1. Click Create Profile in the upper right.
2. Select "Development Provisioning Profile"
3. Give it a name.
4. Select the app you created in step 3.
5. Select the certificate you want to use.
6. Select the systems you want to use (I did all).
7. Click "Generate" It may take a few seconds, then it will give you a download.
8. Open the downloaded profile. It will open in the "profiles" preference pane (which doesn't seem to appear until you try to install a profile). Click install.
- Now, in Xcode:
1. Go to Window > Organizer.
2. Select "Devices" on the top, and "Provisioning Profiles" on the left.
3. At the bottom, select "Automatic Device Provisioning" at the bottom, and click "Refresh". If you've never done this before, you'll need to log in with your ADC username and password.
4. Give it a second, it should pull in your profiles.
5. Go to your project, select your app target and select "Build Settings." Scroll down to "Code Signing." You may need to go to "All" from "Basic" in the predicate selector.

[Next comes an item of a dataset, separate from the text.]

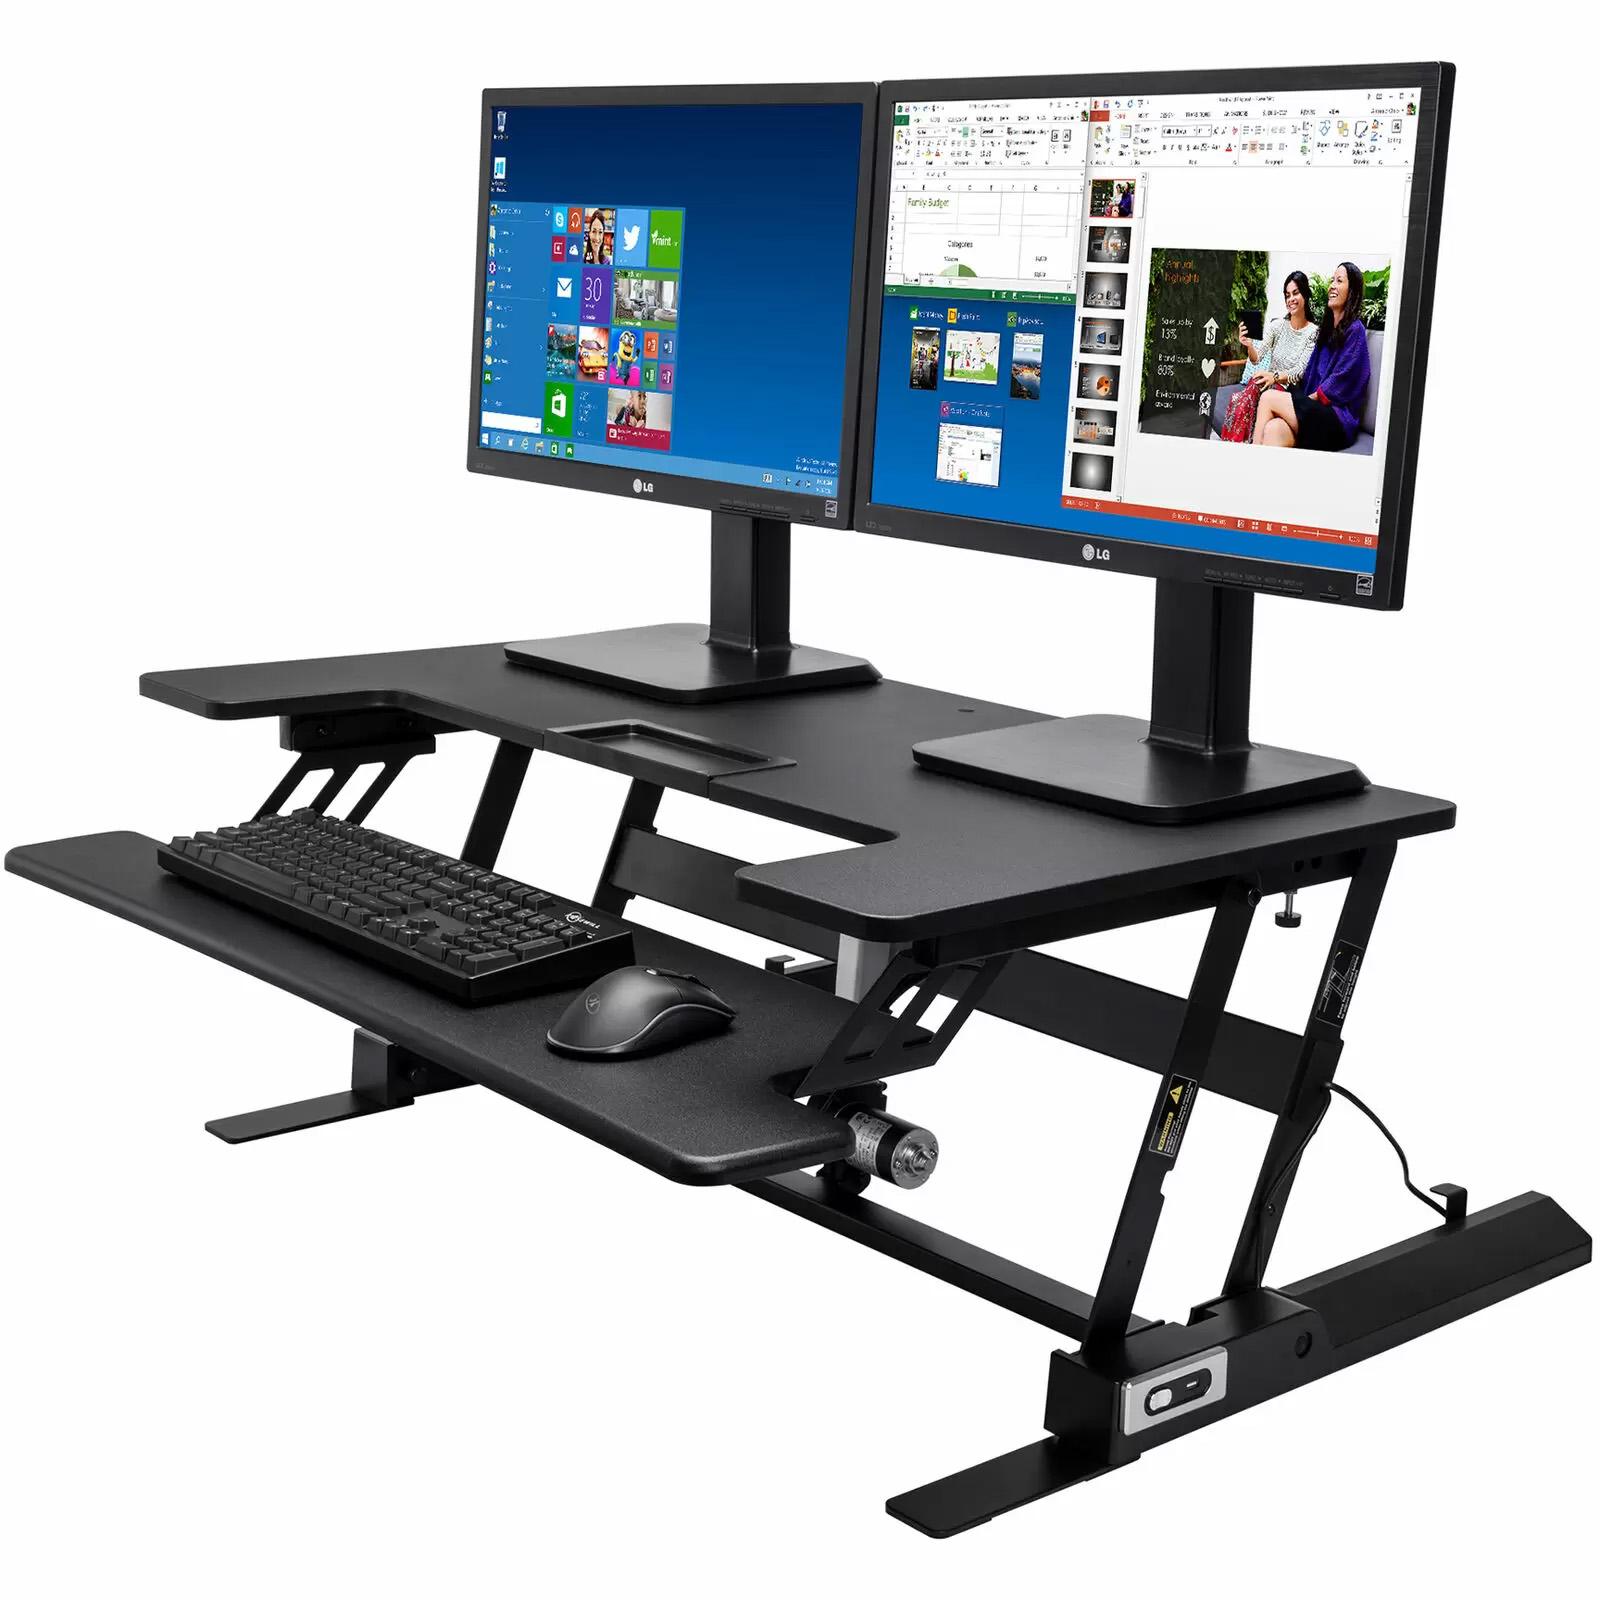 Rosewill Electric 36in Height Adjustable Sit Stand Desk for $84.99 Shipped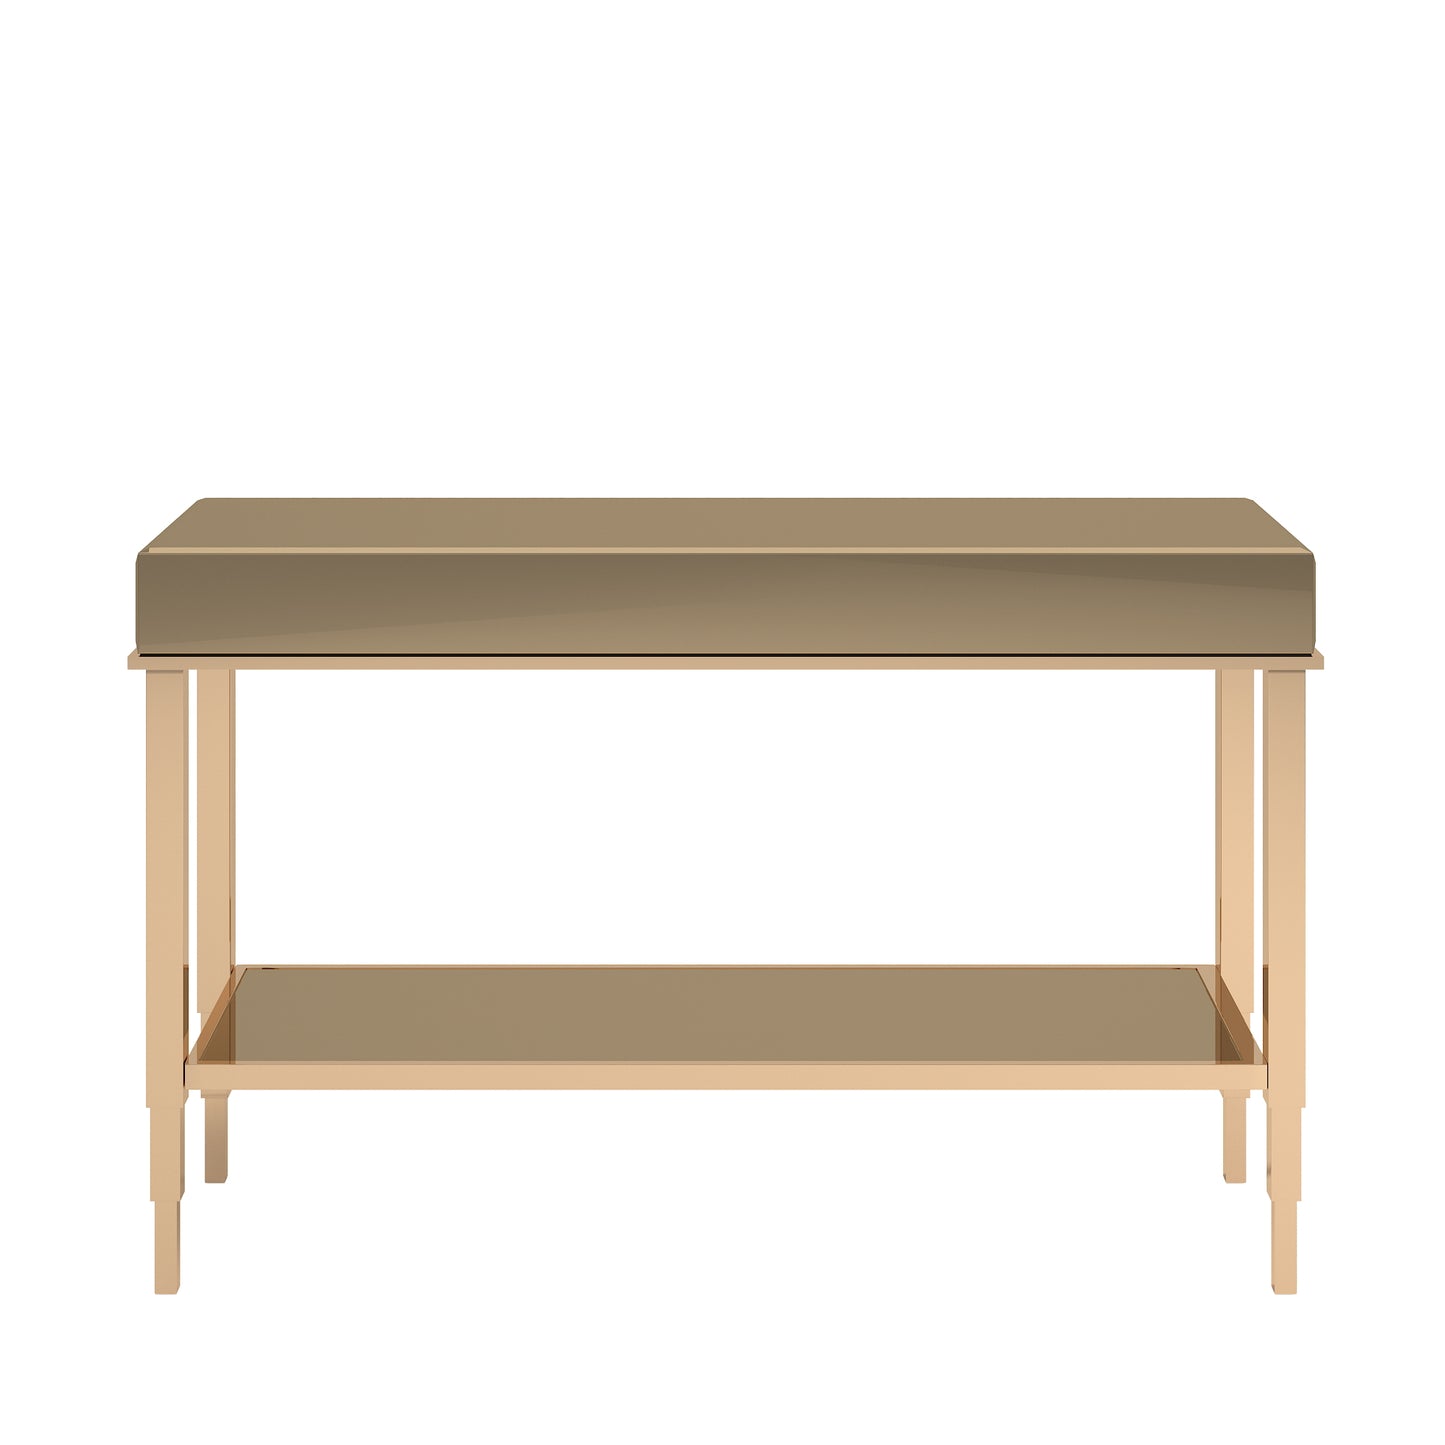 Mirrored 1-Drawer TV Stand - Champagne Gold

6. Under Code Signing Identity, select the dev profile you just created. Note: don't use the wildcard one - it doesn't seem to work.
Whew. Now, if everything went as planned (and you sacrificed a goat to Tim Cook and Tim found your sacrifice pleasing) you should be able to launch your app with no errors.
But help! I got a weird failure on build!
If you get a failure on build that looks like this:
Then it is possible that your developer certificate is set to “Always Trust” in Keychain. It needs to be set to “System defaults” for reasons that escape me entirely.
Note, this may not be entirely accurate and may even be cargo-cultish. But I’ve encountered this “issue” twice now (once in December, and once now) so I decided to write down my steps so that, in a few months when this befuddles me again, I’ll know where to look for the answer.